**YOUR ASSIGNMENT:** Strip the pictures, then copy the remaining data exactly as it stands.

**INFORMATION SHOWN:**
▼
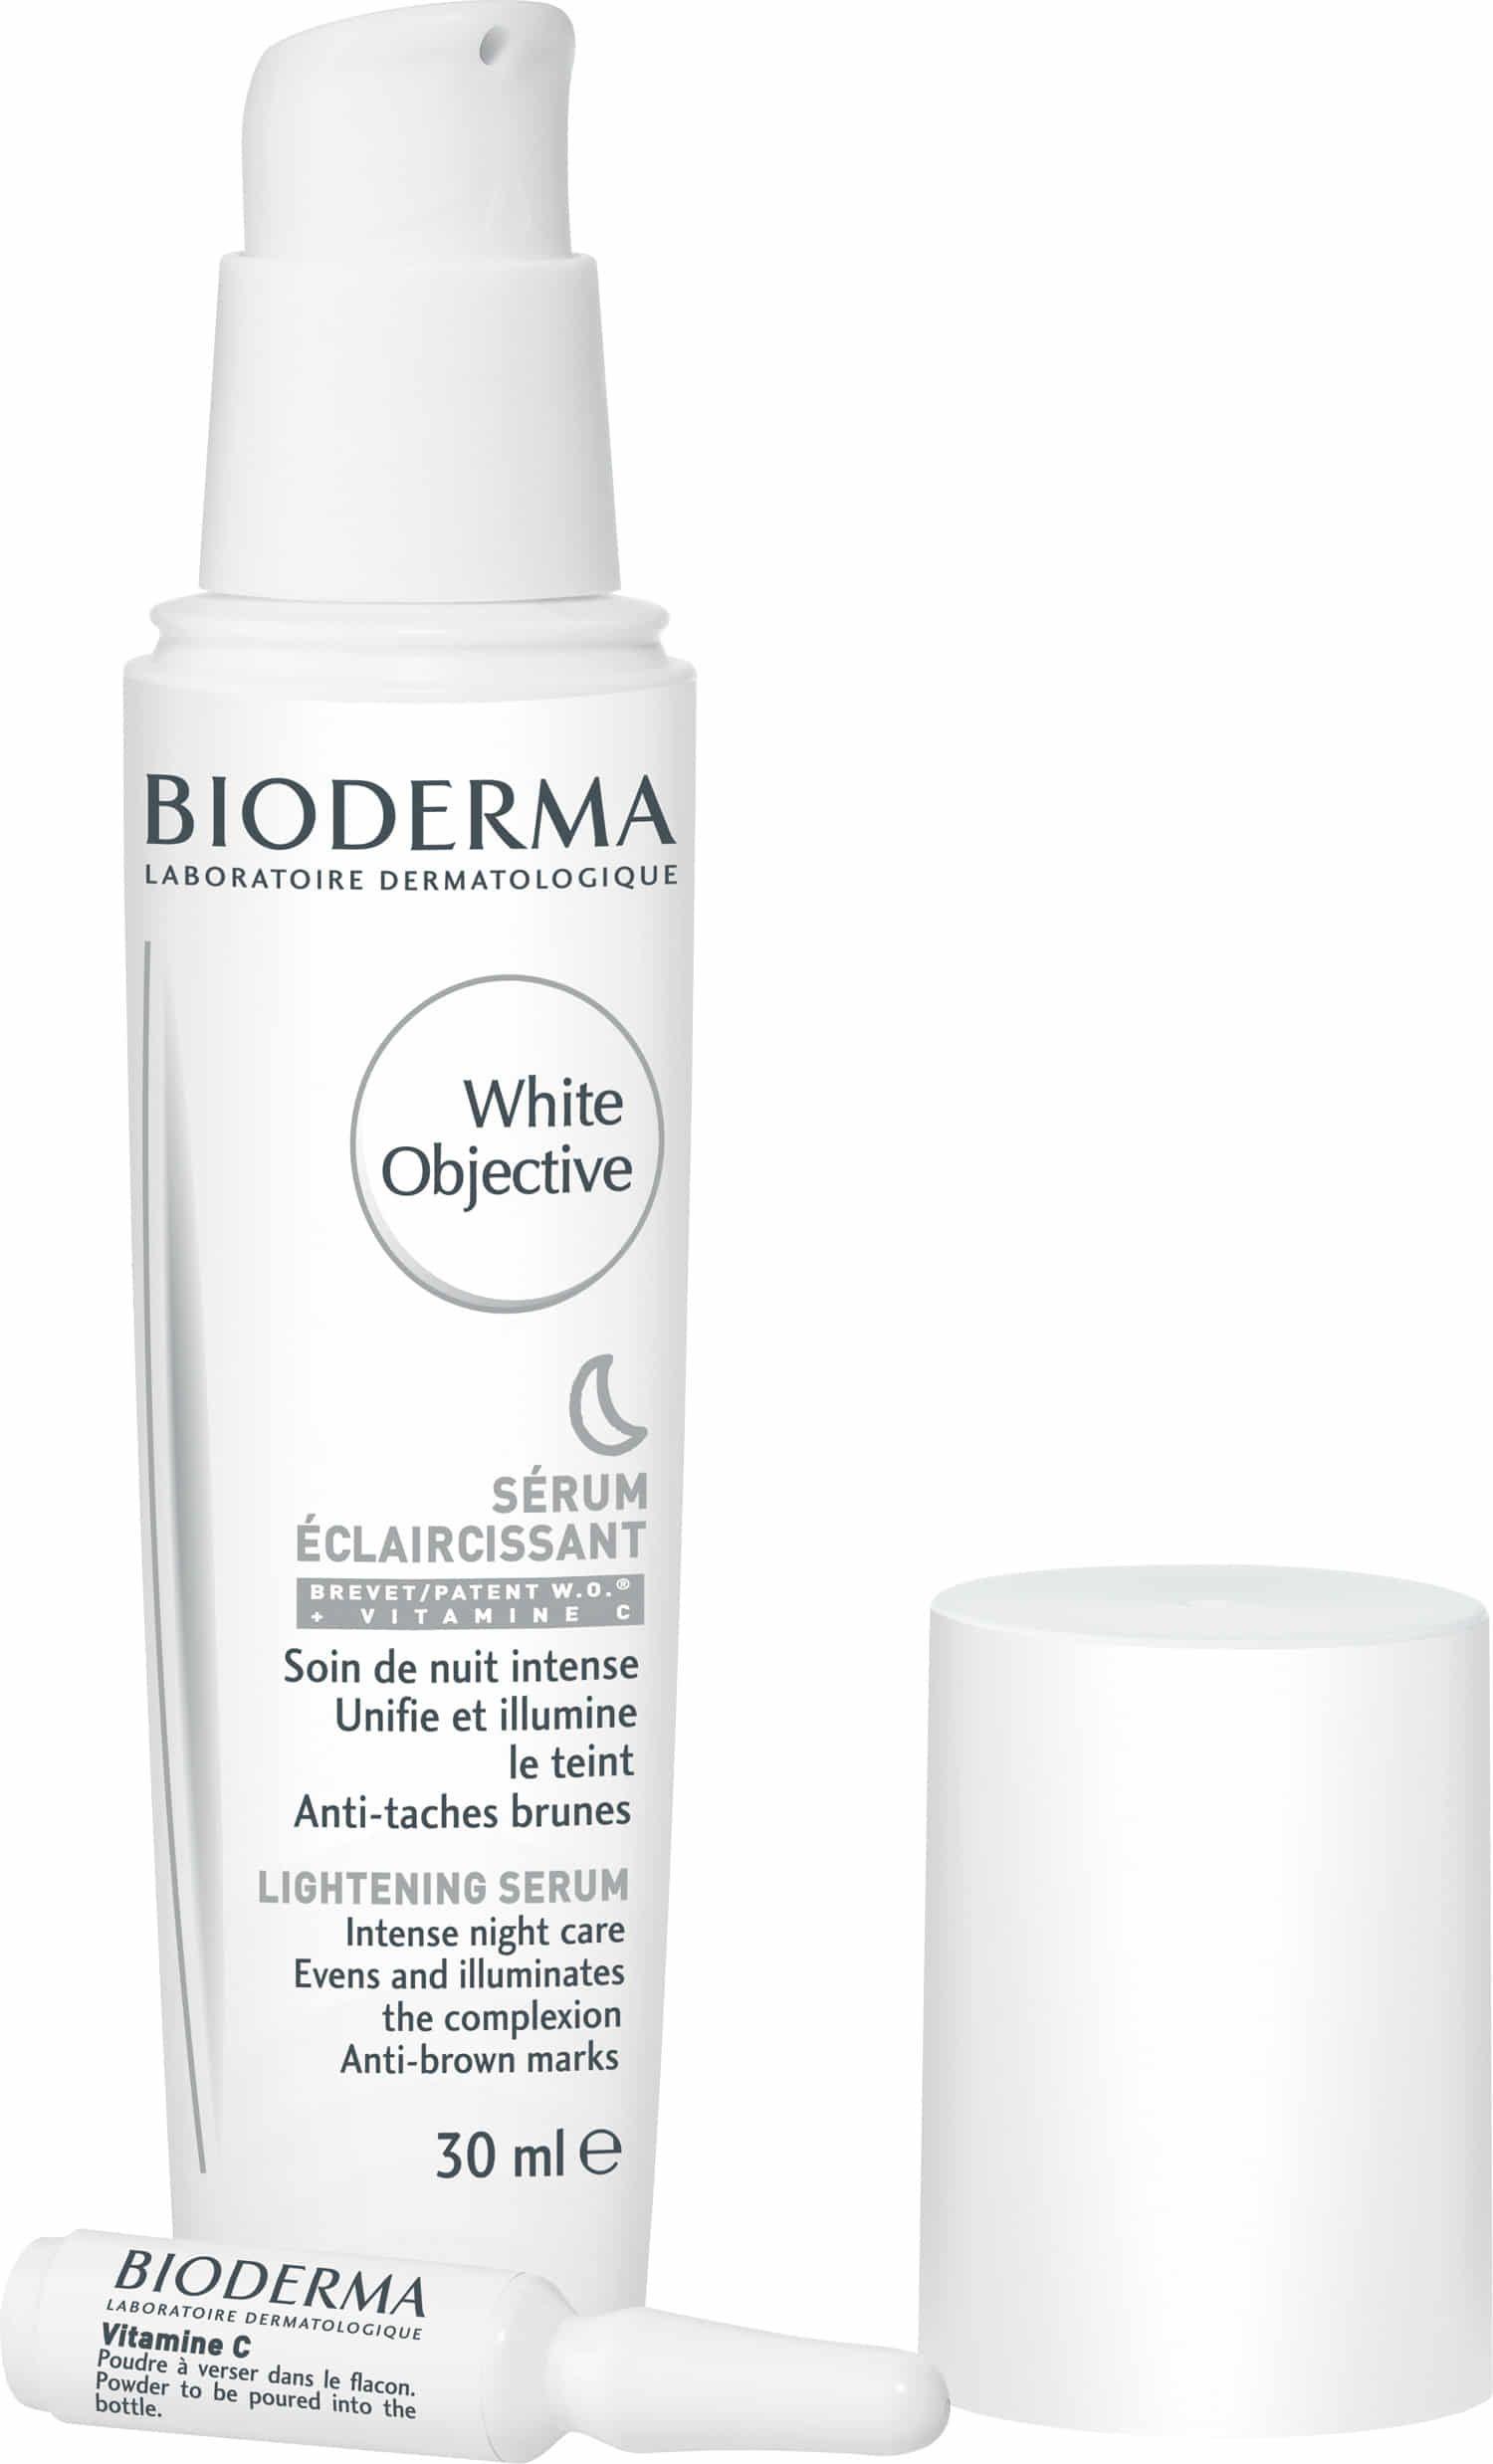 Bioderma White Objective Lightening Serum 30ml Serum Lighten
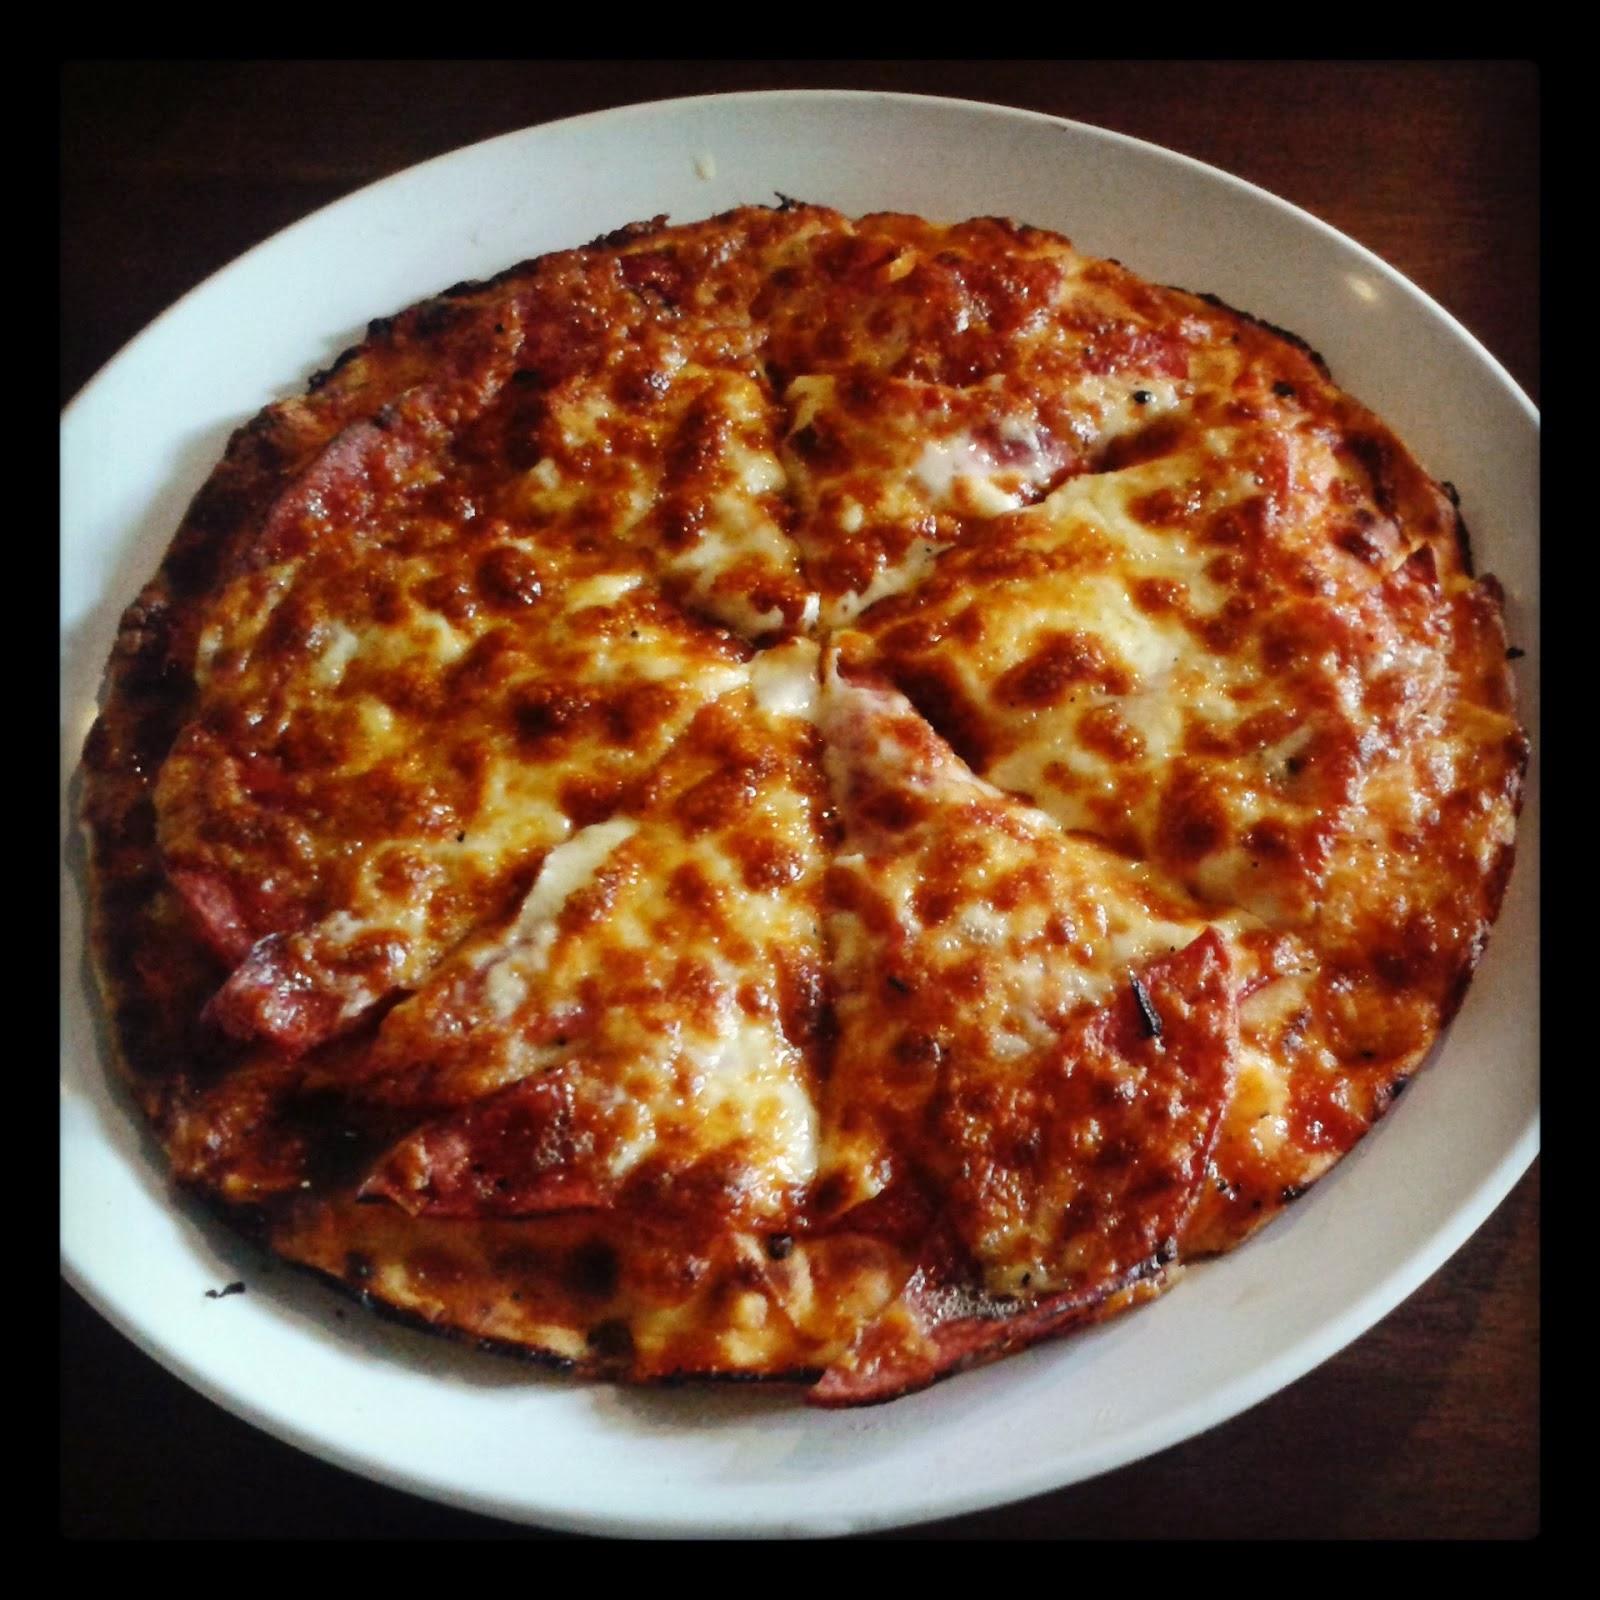 Kedai Kita Pizza Kayu Bakar
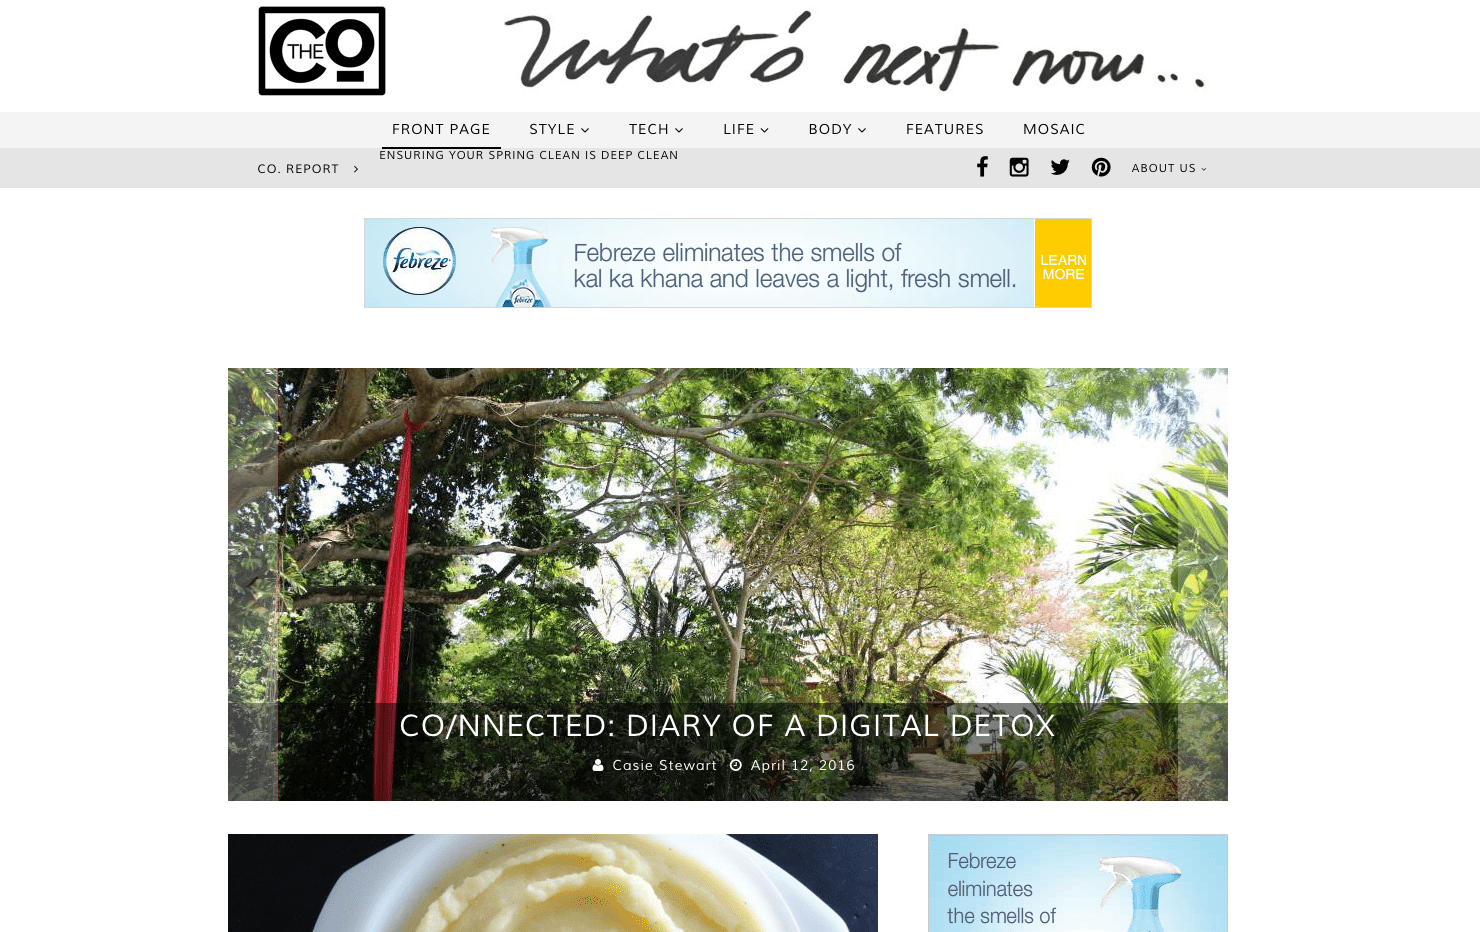 Travel   My Digital Detox Diary on The Co.
▲
**TASK OUTPUT:**
 Bioderma White Objective Lightening Serum 30ml Serum Lighten
 Kedai Kita Pizza Kayu Bakar
 Travel   My Digital Detox Diary on The Co.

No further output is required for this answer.